🤖 AI Summary
This work addresses the ambiguity in feature attribution for generative language models, which often stems from a lack of explicit semantic grounding. The paper introduces the “attribution contract” framework, systematically identifying that disputes in attribution arise from inconsistent implicit assumptions about explanations. By formally defining the explained output, attributable features, assumptions about the generative process, fixed conditions, and model scoring, the framework standardizes attribution practices. Through case studies on autoregressive and diffusion-based language models, it clarifies the validity boundaries of different attribution settings and underscores that attribution methods must be evaluated in alignment with their corresponding contracts. This approach prevents misleading interpretations and establishes a new paradigm for trustworthy explanations in generative models.
📝 Abstract
Feature attribution methods promise to identify which input features matter for a model output. In generative language models, however, it is often unclear what should count as a feature in the first place.

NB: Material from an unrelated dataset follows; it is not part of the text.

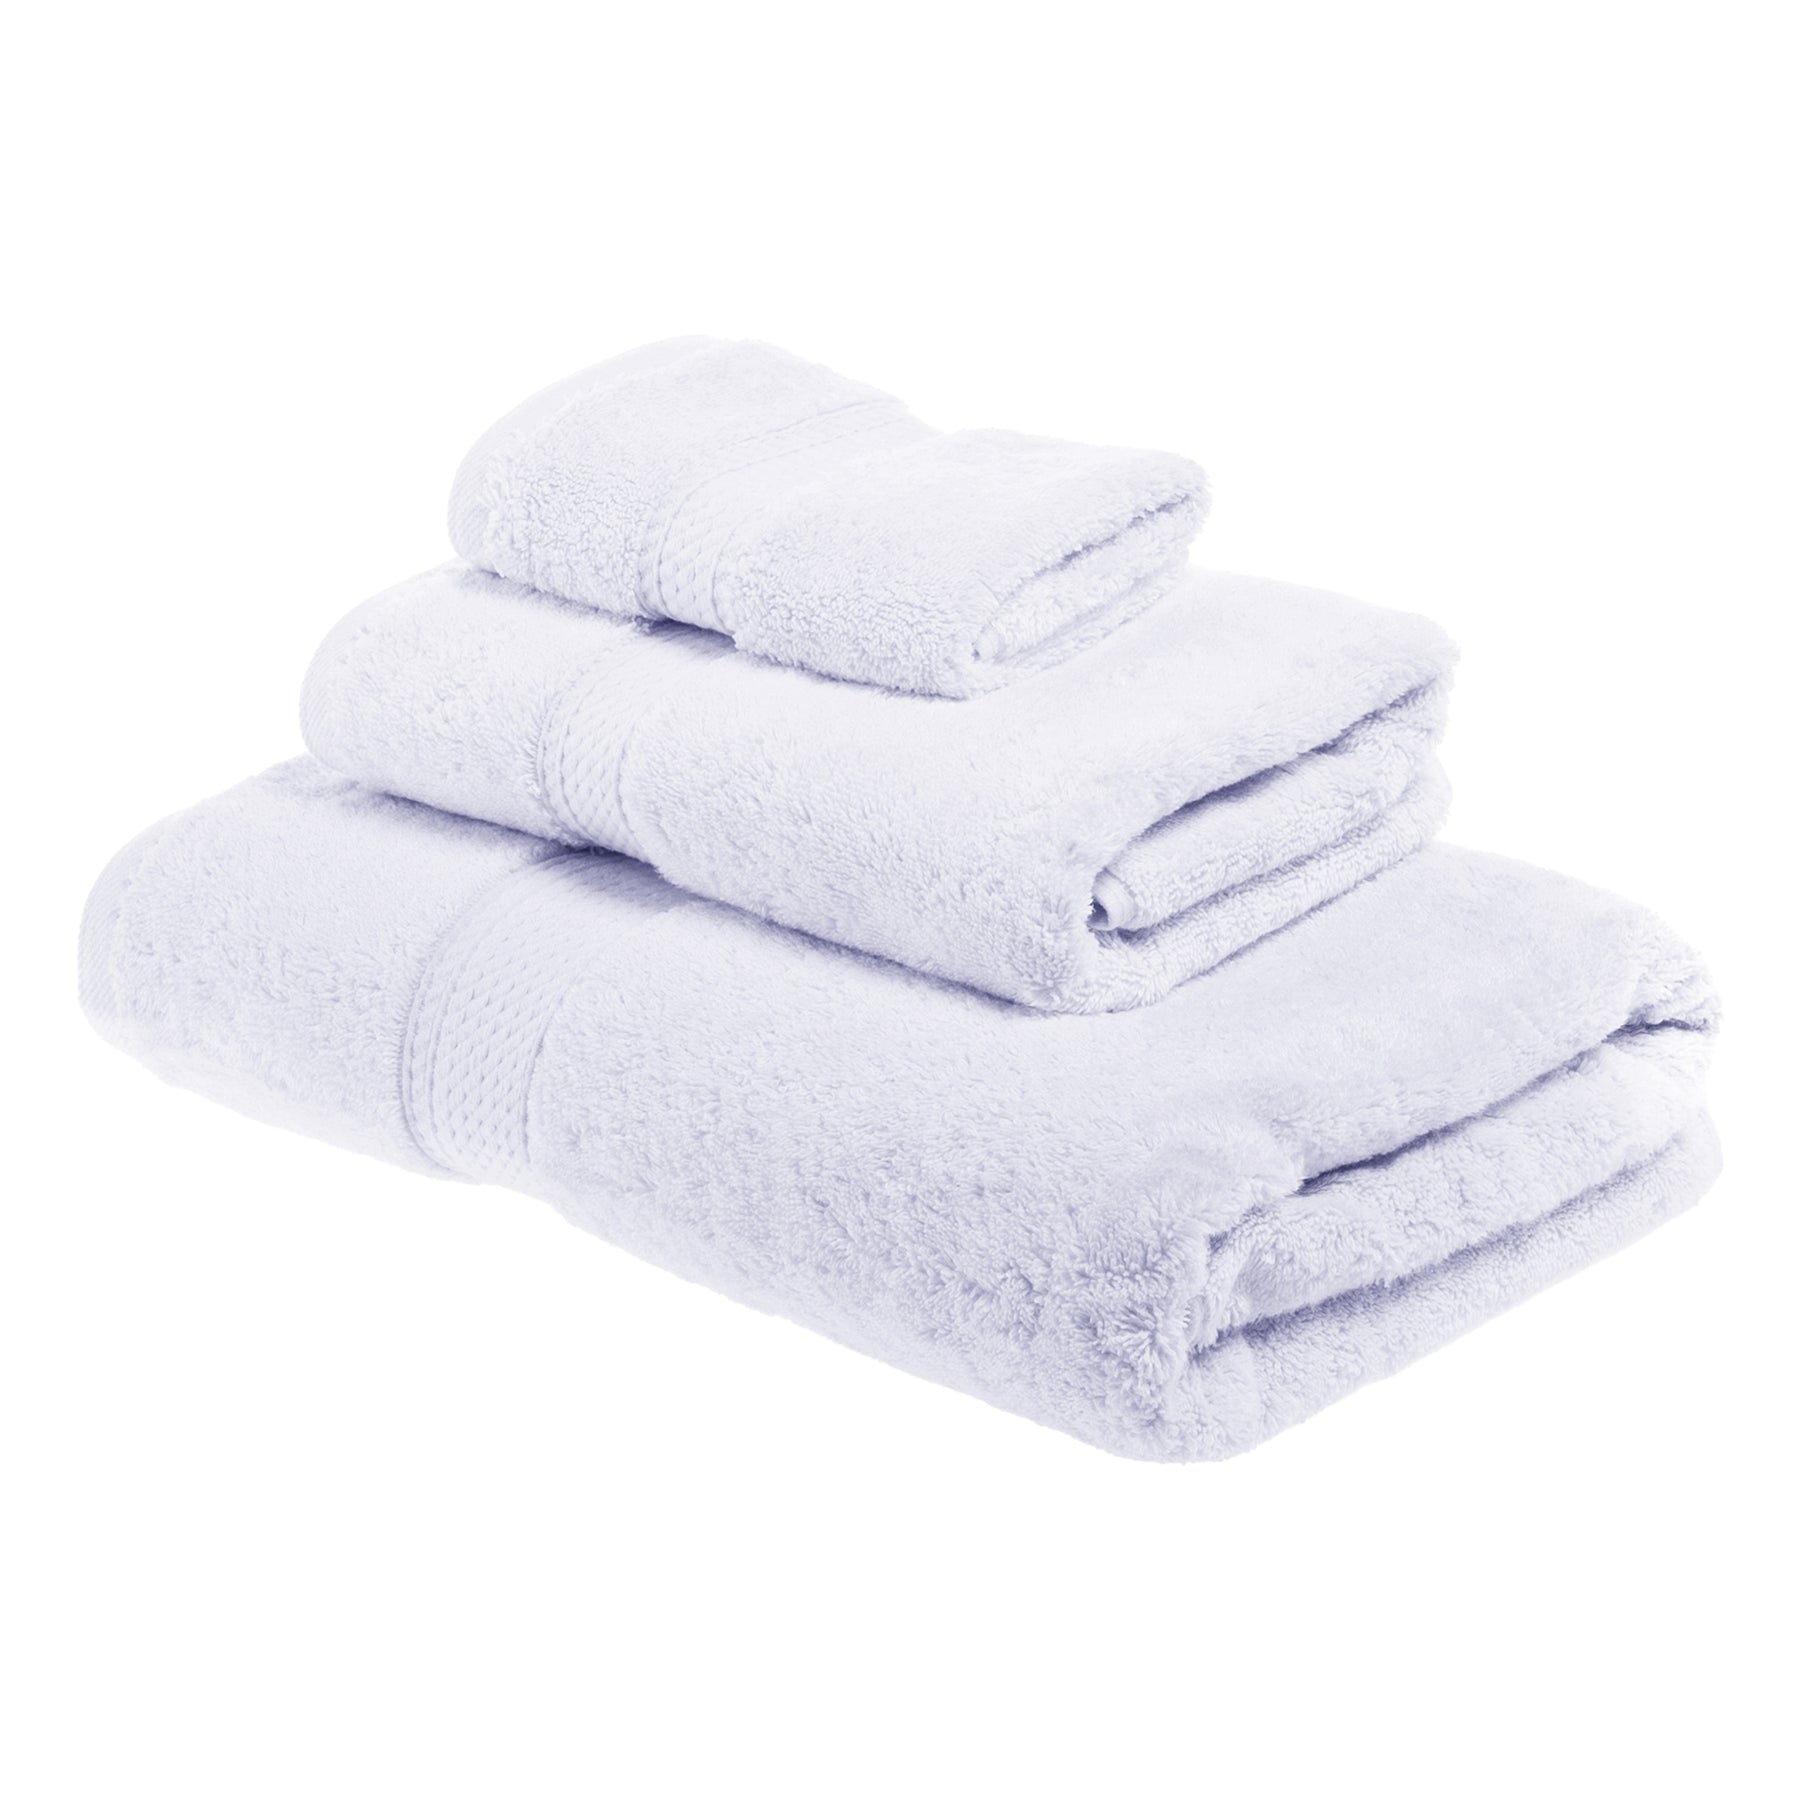 Superior 900 GSM Egyptian Cotton 10-Piece Towel Set on sale at shophq.com -  491-217

In autoregressive language models, earlier generated tokens are both outputs of the model and inputs to later predictions. In diffusion language models, generation proceeds through iterative denoising or unmasking rather than fixed left-to-right prediction, so local explanation may target a state of diffusion rather than a next token. We argue that this ambiguity is not merely an implementation detail, but a conceptual limitation of carrying classifier-era feature attribution directly into generative language modeling. We introduce the Attribution Contract, a specification for feature-attribution claims that names what output is being explained, which features are eligible to receive attribution, what generative process is assumed, what is held fixed, and what model score is being attributed. The contract clarifies why the same attribution method can answer different questions depending on how it is instantiated. We argue that many disagreements about feature attribution in generative language models are not disagreements about attribution algorithms, but about unstated explanatory contracts. Using autoregressive and diffusion language models as case studies, we show when attribution to earlier generated tokens, intermediate states, or denoising stages is informative, when it is misleading, and why feature-attribution methods in generative language models should be evaluated as method-contract pairs.